> [EXERCISE DESCRIPTION]
In the data below, find the line containing "Profile Image of" and the line containing "Samsung Galaxy S22", then reproduce them and every line between, exactly. Omit pictures.

> [INFORMATION SHOWN]

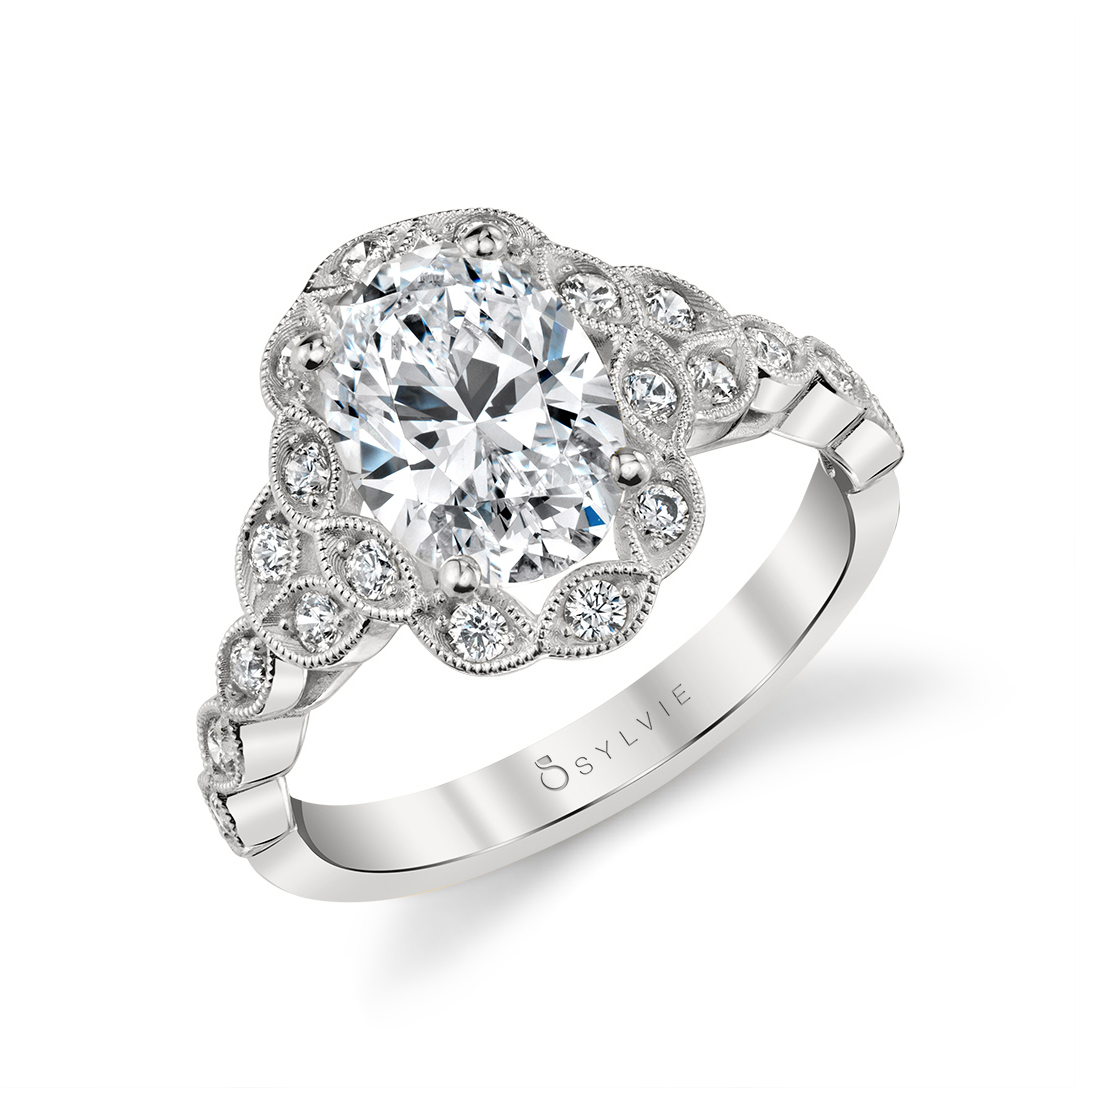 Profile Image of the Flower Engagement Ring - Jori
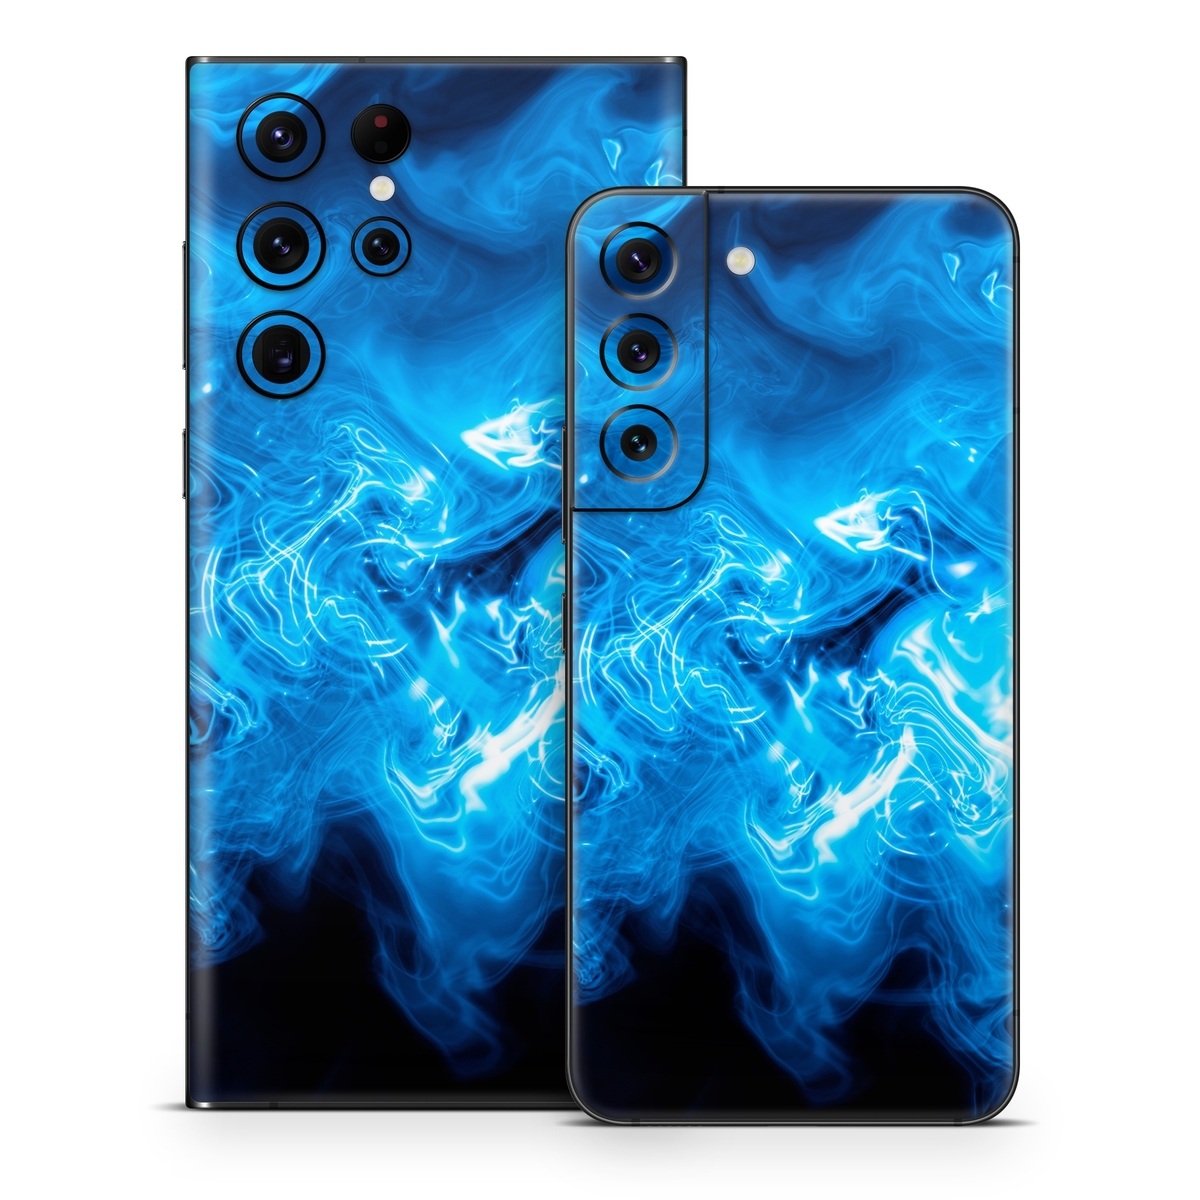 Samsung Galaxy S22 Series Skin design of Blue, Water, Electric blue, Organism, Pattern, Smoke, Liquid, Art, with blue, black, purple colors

==

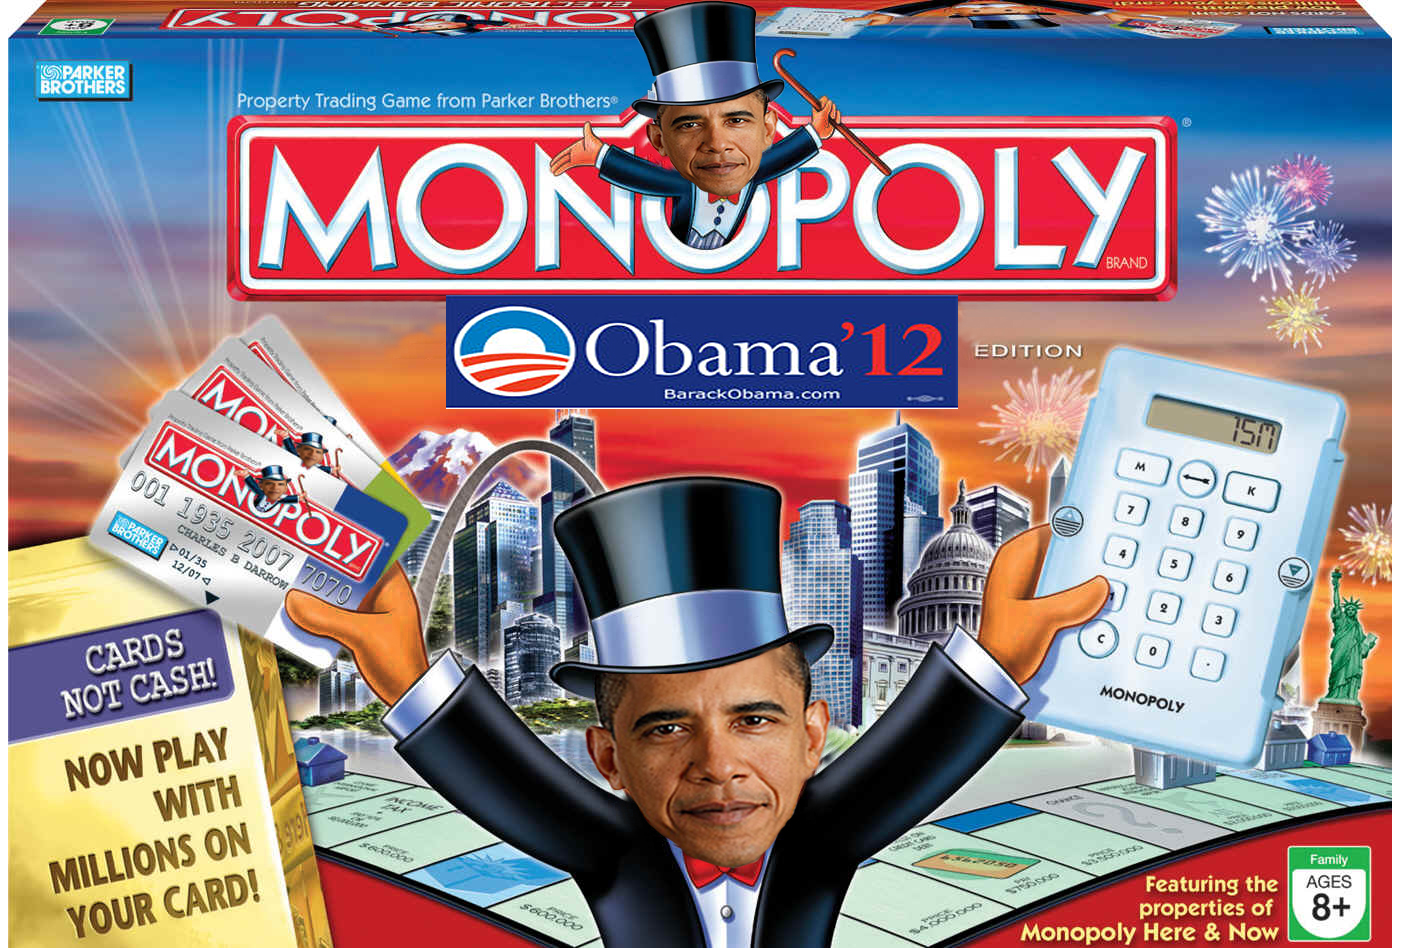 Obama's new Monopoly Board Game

> [WRITTEN SOLUTION]
 Profile Image of the Flower Engagement Ring - Jori
 Samsung Galaxy S22 Series Skin design of Blue, Water, Electric blue, Organism, Pattern, Smoke, Liquid, Art, with blue, black, purple colors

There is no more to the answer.